Yes, there is a Wal-Mart on Tchoupitoulas – now an infamous source of food and water in the aftermath; Walgreen’s and Rite-Aid have aggressively colonized every neighborhood in town. Yet, until last week, residents continued to meet most of their needs at small shops and offices.
In my neighborhood, I shopped with two grocers about two blocks above and below my home (north and south, more or less). At Zara’s Lil Giant, the butcher took the time to explain to a young man how to prepare a roast or how to make barbeque shrimp (melt two pounds of butter, add cooking wine and spices, and boil!). At the other, the Italian name of which escapes me, the husband and wife team once sent a delivery to my house just because they hadn’t seen me. The delivery guy found me at home, down with a fever and happy to see a muffaletta with my name on it!

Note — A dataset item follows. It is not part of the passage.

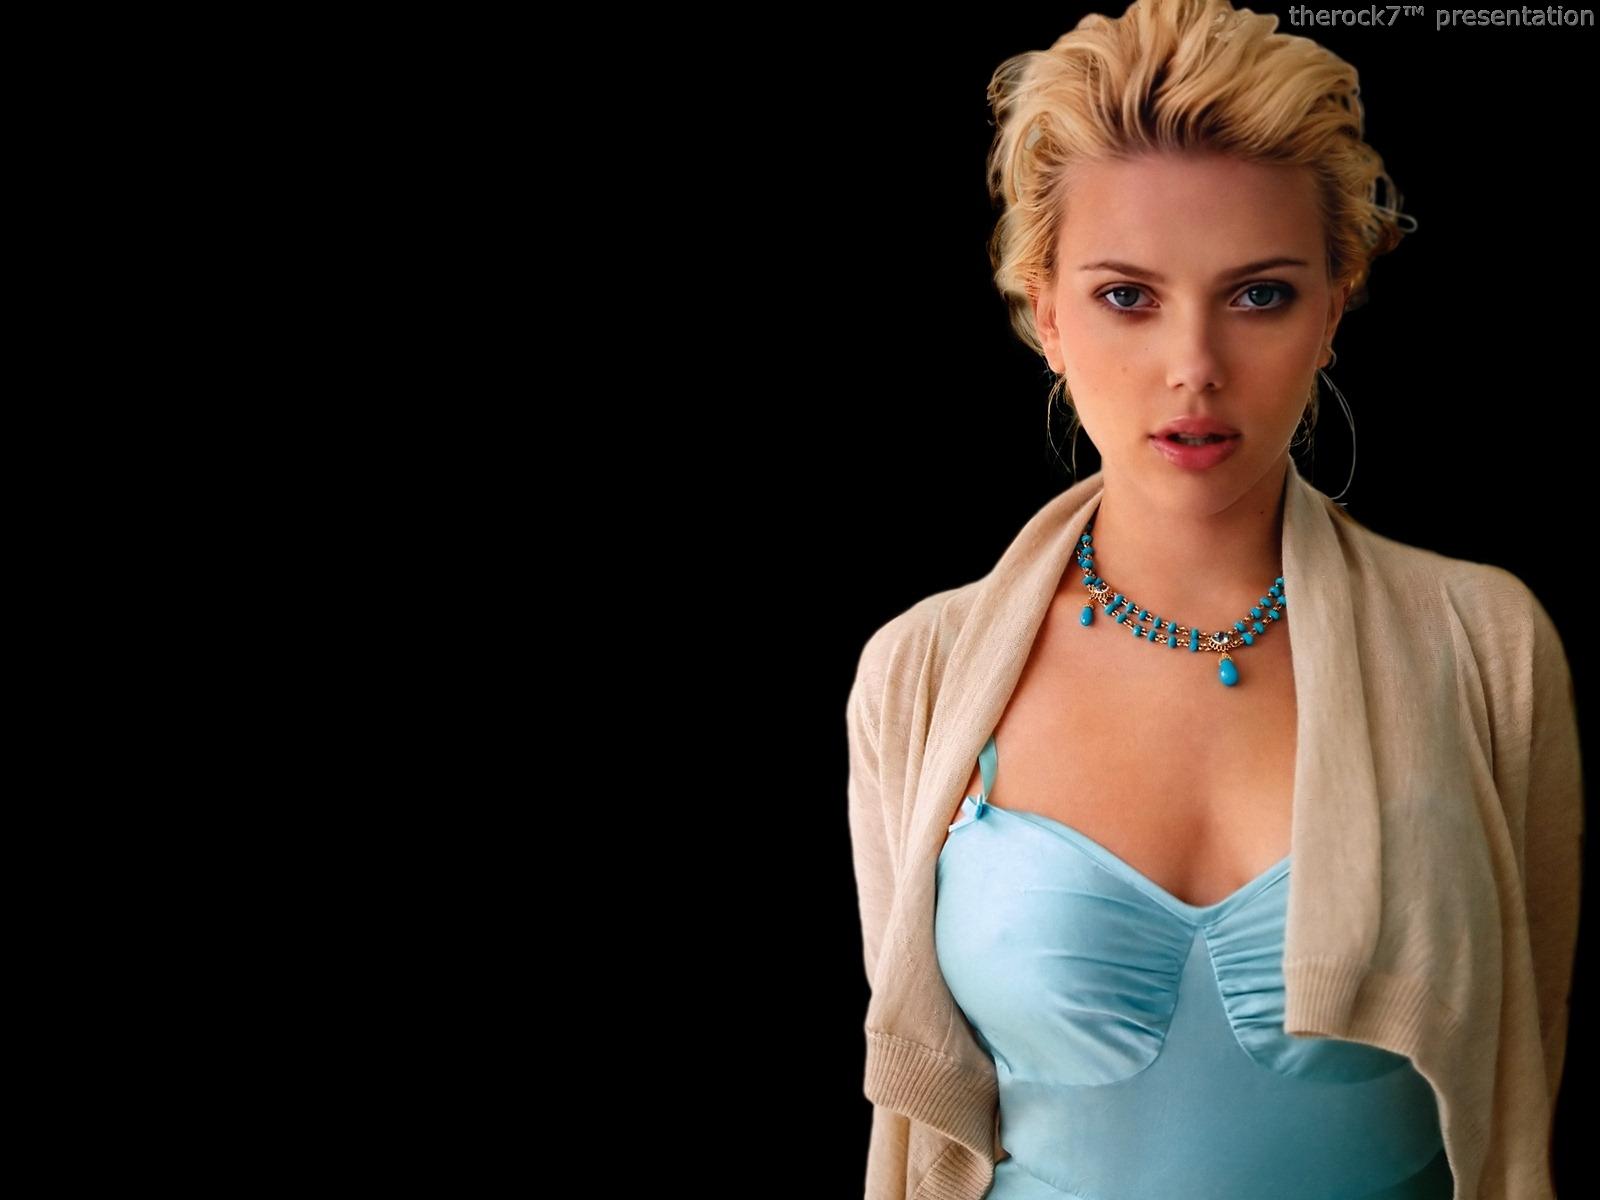 http://4.bp.blogspot.com/-Jg9poPrILdo/UIEX82MapFI/AAAAAAAAJIQ/4JPwkIQcVkg/s1600/Scarlett+Johansson+(3).jpg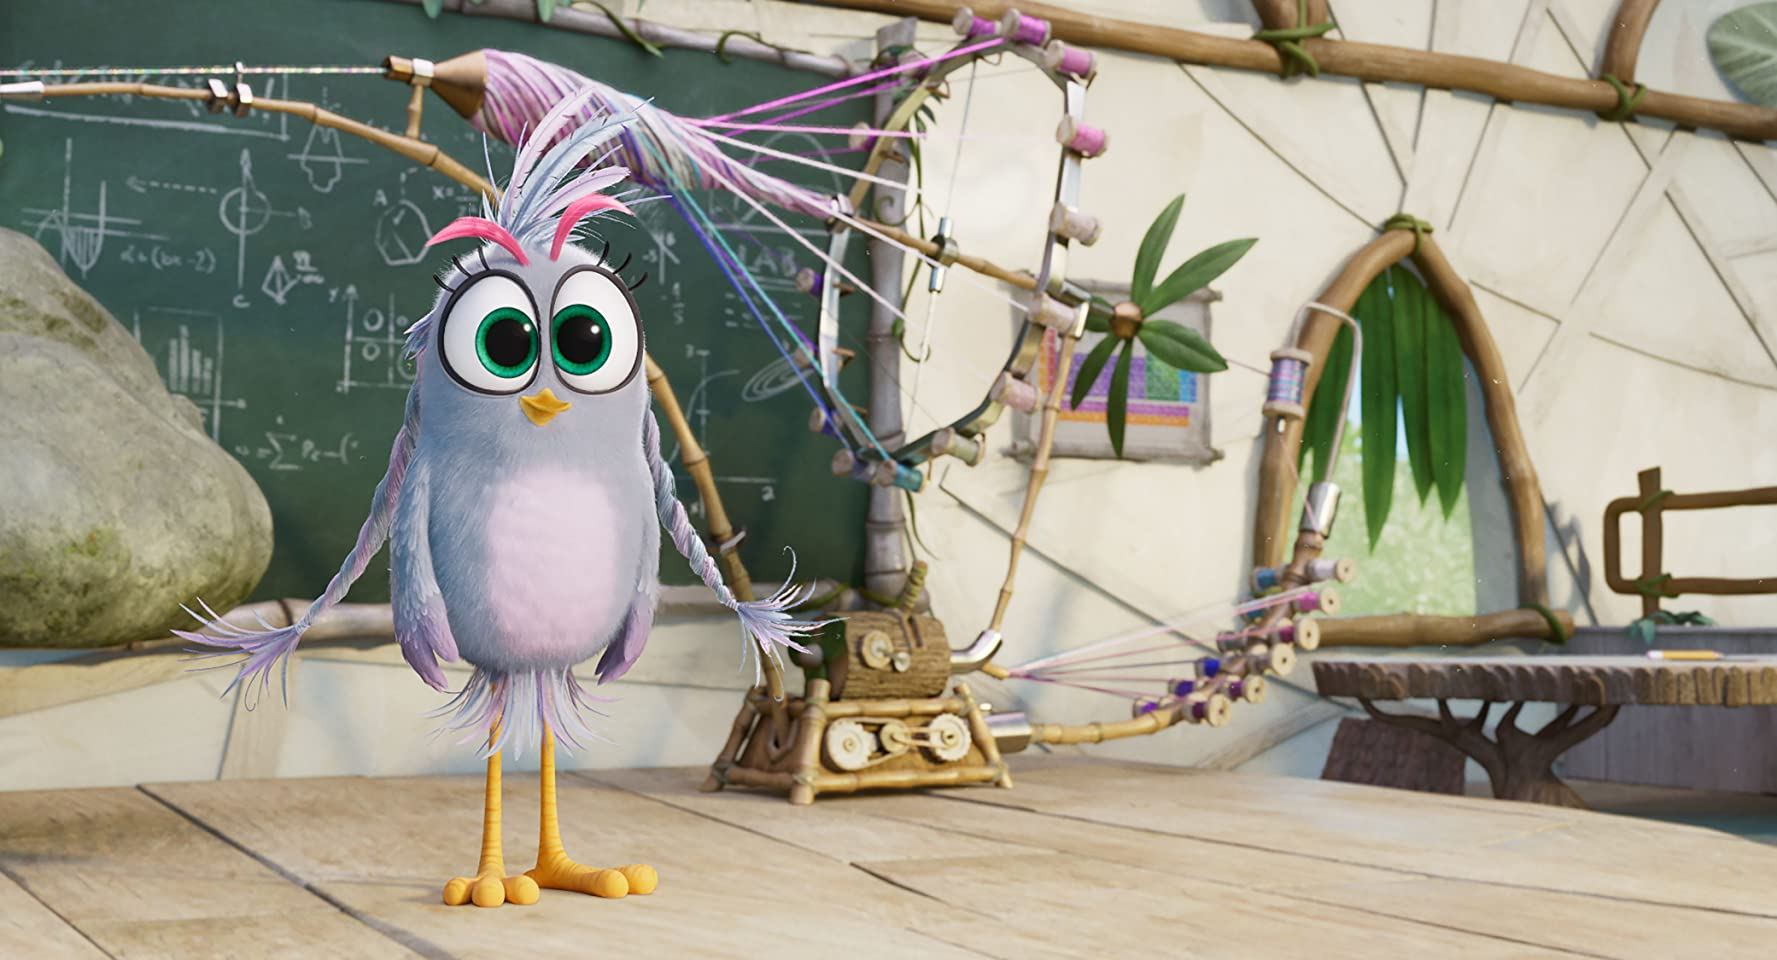 Rachel Bloom in The Angry Birds Movie 2 (2019)

A mule-driven taffy cart plied the silk-stocking streets of Uptown, finding a loyal clientele unconcerned about health inspections or mule shit!
Everywhere you looked, there were business just like that, neighborhood-oriented and deeply connected. The picture attached is Liuzza’s, famous among poor students and the working poor alike for the $2 “French Fry po’ boy,” which is exactly what it sounds like with a fatty, meaty gravy dripping from the bun. Less than a half mile downtown from my house, alongside the Magnolia projects, stood one of the greatest jazz clubs on earth, where neighbors wandered in and out with instruments, with sandwiches, with “business” to conduct on the phone, while the rotating ensemble produced an ever-evolving, truly indigenous music.
Perhaps more remarkable was the loyalty to local products: Hubig’s fried pies, Taaka Vodka, Crystal hot sauce, Dixie beer, New Orleanians stuck by them all.
Tourists rarely saw that aspect of the city, and God knows New Orleans needs tourists to return to the Quarter and to the old-line Creole restaurants and the hotels. These will be reopened and locals will continue to tolerate them.
New Orleans was also home to a shocking brand of poverty, a poverty made impossible to ignore by the checkerboard pattern of development. Having seen the horrors of this week, I can only pray that New Orleans will focus again on the needs of its poorest citizens.
But if New Orleans is to come back, the proprietors, manufacturers, workers, and customers of thousands of small businesses must return. Can your film help communicate the value of that diversity? I can only hope so; the bigger the splash you make the better.
I suppose the only purpose of this note is to tell you what you missed on your extraordinary journey around America. And to remind you of the importance of your work. Thanks!